Faire du sport enceinte, une recommandation encore mal vue

Article rédigé par Laure Gamaury
France Télévisions - Rédaction Sport
Publié
Temps de lecture : 12min
Faire du sport enceinte n'est pas toujours bien vu dans la société. (MARGAUX MOROCH / FRANCEINFO: SPORT)
Faire du sport enceinte n'est pas toujours bien vu dans la société. (MARGAUX MOROCH / FRANCEINFO: SPORT)

Les femmes pratiquant un sport pendant leur grossesse, font encore aujourd'hui face à des préjugés tenaces et aux regards malveillants.

"Tu es sûre qu'il ne va pas se décrocher ?". Par ces mots, la grand-mère de Charlotte Taquet, une ultra-traileuse de bon niveau, illustre la masse de préjugés toujours tenaces autour de la pratique du sport pendant la grossesse. "Ah bon, mais tu vas faire la séance de sauts. Mais, enceinte, c'est quand même dangereux, tu ne crois pas ?", a-t-on dit, lors d'un cours de pilates, à la surfeuse Johanne Defay, médaillée de bronze aux Jeux de Paris cet été, qui a annoncé récemment sa grossesse. D'où viennent ces idées reçues et comment les combattre pour ne plus associer "grossesse" et "maladie" ou "grossesse" et "faiblesse" ?

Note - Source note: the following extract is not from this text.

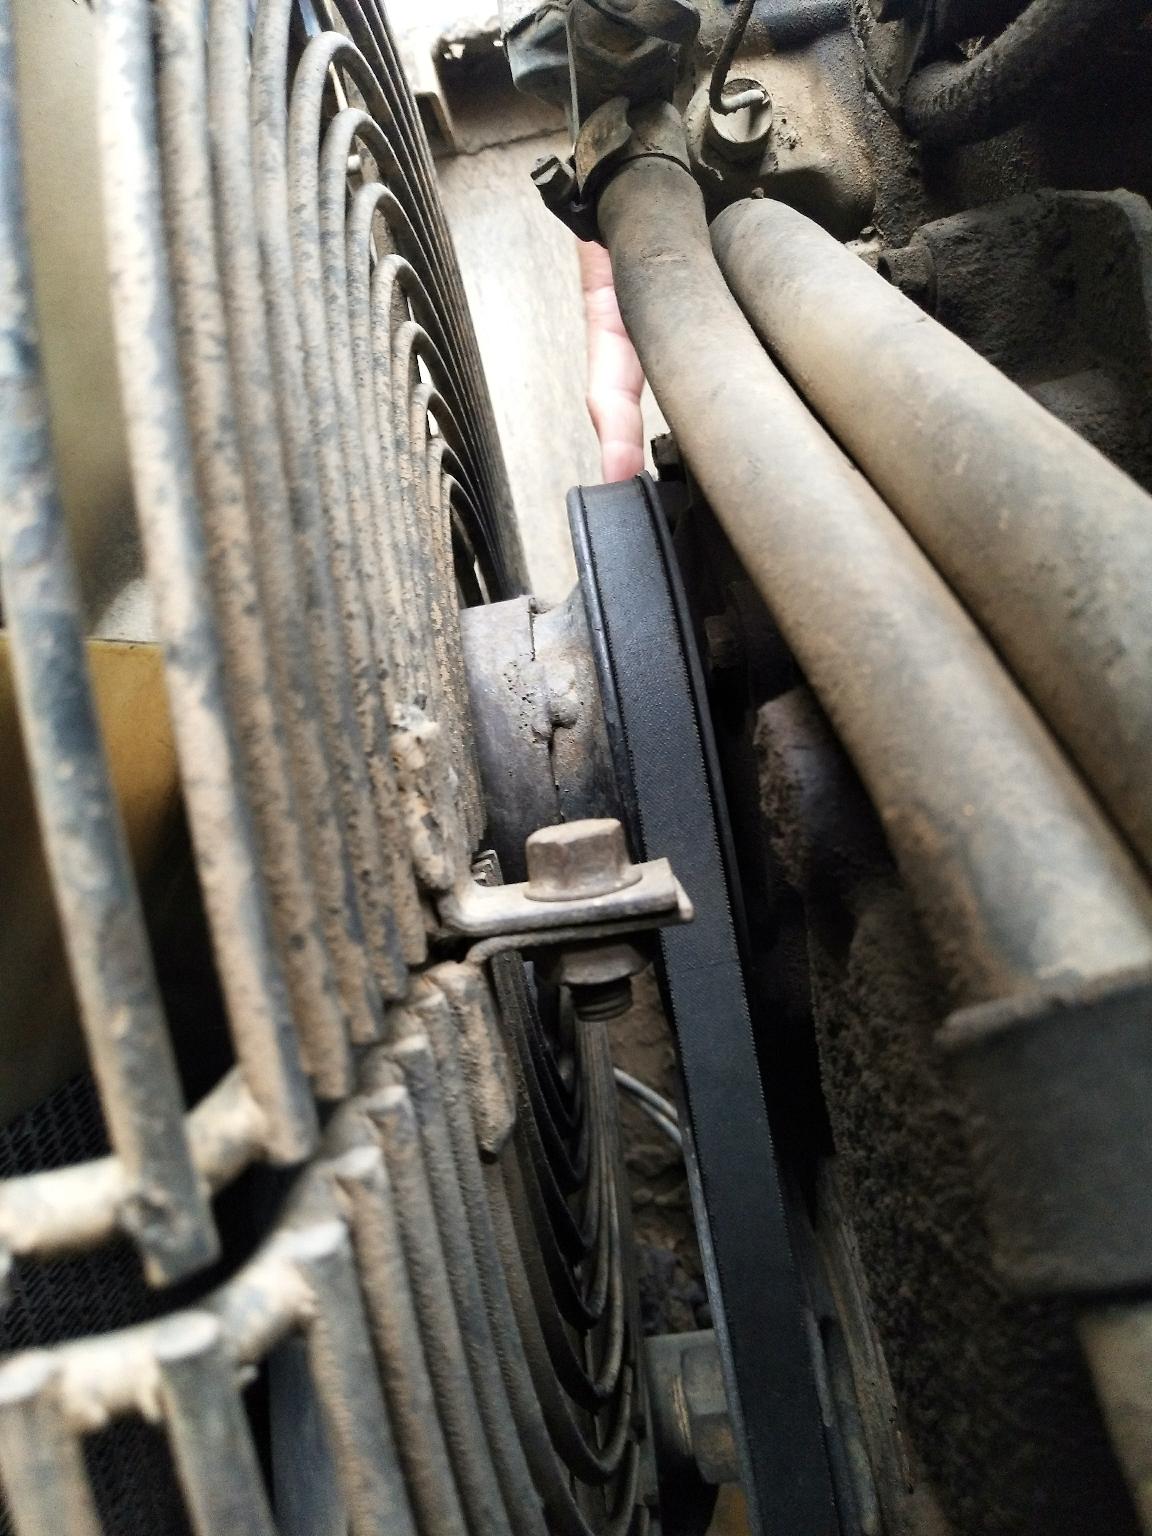 你们60机的皮带轮是单槽还是双槽的?

"J'ai plus souvent des femmes qui s'imaginent qu'elles ne peuvent pas avoir de pratiques sportives pendant leur grossesse que de femmes sportives qui se posent la question de savoir si elles peuvent continuer et comment", souligne Gwenaëlle Bontemps, sage-femme et co-auteure d'un livret "Je peux pratiquer des activités physiques et sportives pendant ma grossesse et après l’accouchement", sorti en 2021 à l'initiative du ministère des Sports. Selon elle, la majorité de ses patientes est persuadée que le sport est contre-indiqué pendant la grossesse. "C'est bien là tout le problème", regrette-t-elle. 

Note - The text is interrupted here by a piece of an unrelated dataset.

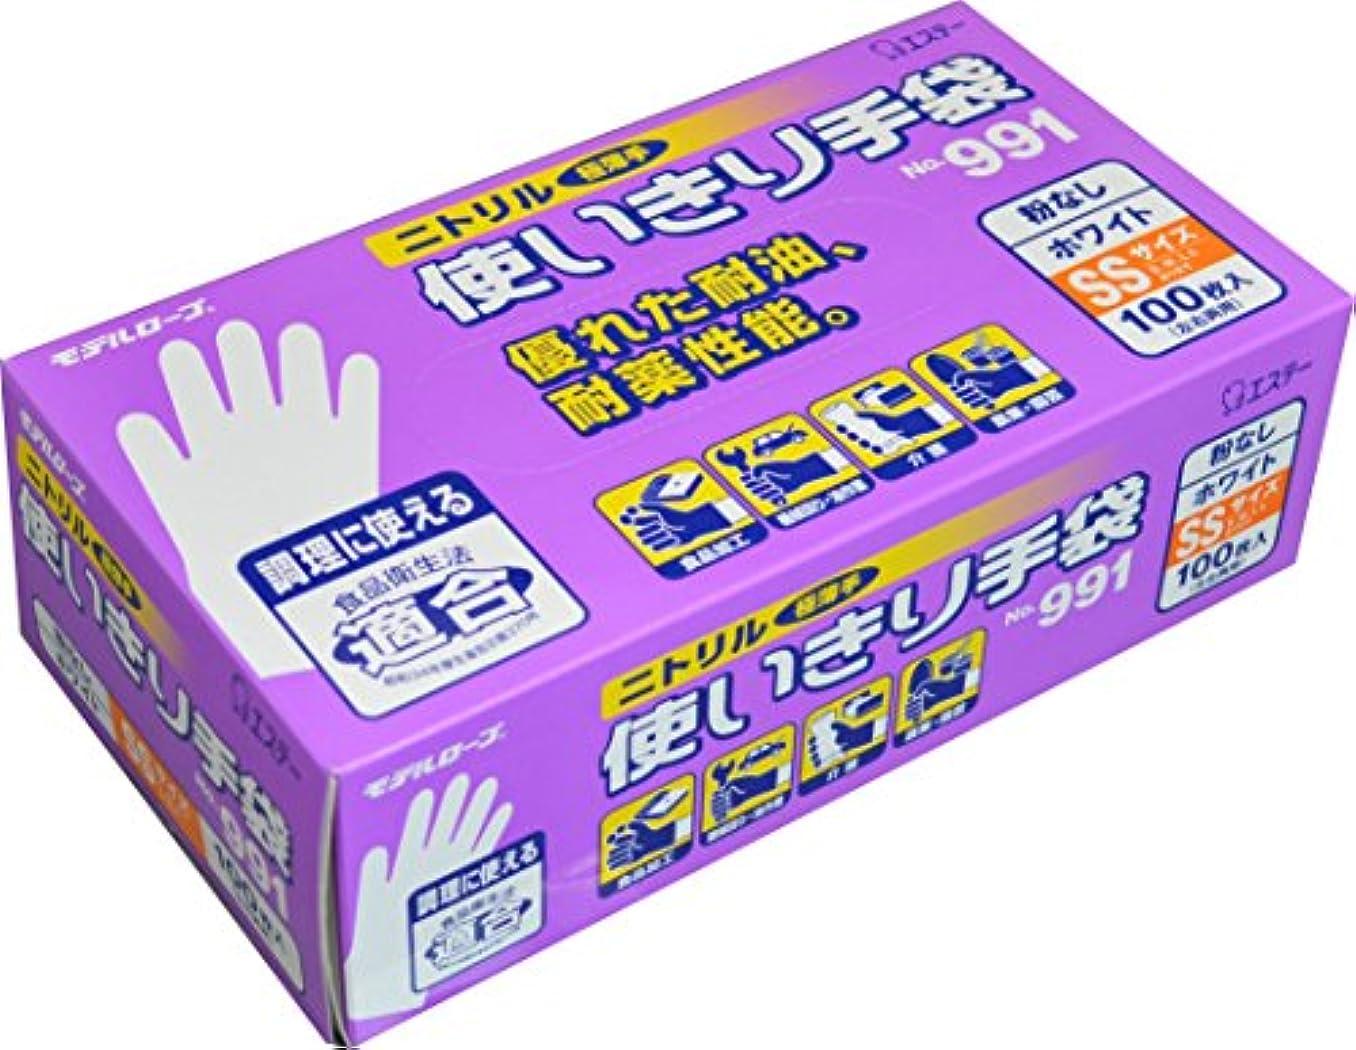 否認するチャレンジ比喩モデルローブ NO991 ニトリル使い切り手袋 100枚 ホワイト SS

Des idées reçues encore très ancrées

"Aujourd'hui, les recommandations pour les femmes enceintes, c'est de pratiquer une activité modérée et sans traumatisme", assure Alexandra Edy, masseur-kinésithérapeute et spécialisée en pelvi-périnéologie, la discipline médicale qui se concentre sur le pelvis et le périnée. "C'est vrai que ce n'est pas encore entré dans les habitudes, mais c'est à nous, professionnels de santé et à l'entourage aussi, de passer le bon message", renchérit le docteur Carole Maître, gynécologue et médecin du sport à l’INSEP, qui suit depuis 1990 les sportives de haut niveau françaises.

Un constat que corrobore l'enquête de l'Onaps (Observatoire national de l'activité physique et de la sédentarité), datant de 2023, sur les comportements sédentaires et la pratique d'activité physique des transitions de vie de la femme. Elle pointe une diminution très nette de l'activité chez les femmes enceintes : 84,2% des interrogées assuraient ainsi qu'elles avaient fortement diminué la durée de pratique hebdomadaire de leur activité physique depuis le début de leur grossesse, et 75,8% avaient drastiquement agi à la baisse concernant la fréquence.

Entre connaissances et croyances

La pratique sportive fait pourtant, partie intégrante des recommandations de la Haute autorité de santé (HAS) depuis 2018 : "L’AP (activité physique) a de nombreux effets bénéfiques sur la santé des femmes enceintes, du fœtus et du nouveau-né, rappelle l'instance. Les risques liés à une pratique d’AP adaptée pendant la grossesse sont très faibles. Une AP adaptée, pendant la grossesse et en post-partum, doit donc être encouragée après une évaluation médicale et obstétricale et en l’absence de contre-indications objectives". 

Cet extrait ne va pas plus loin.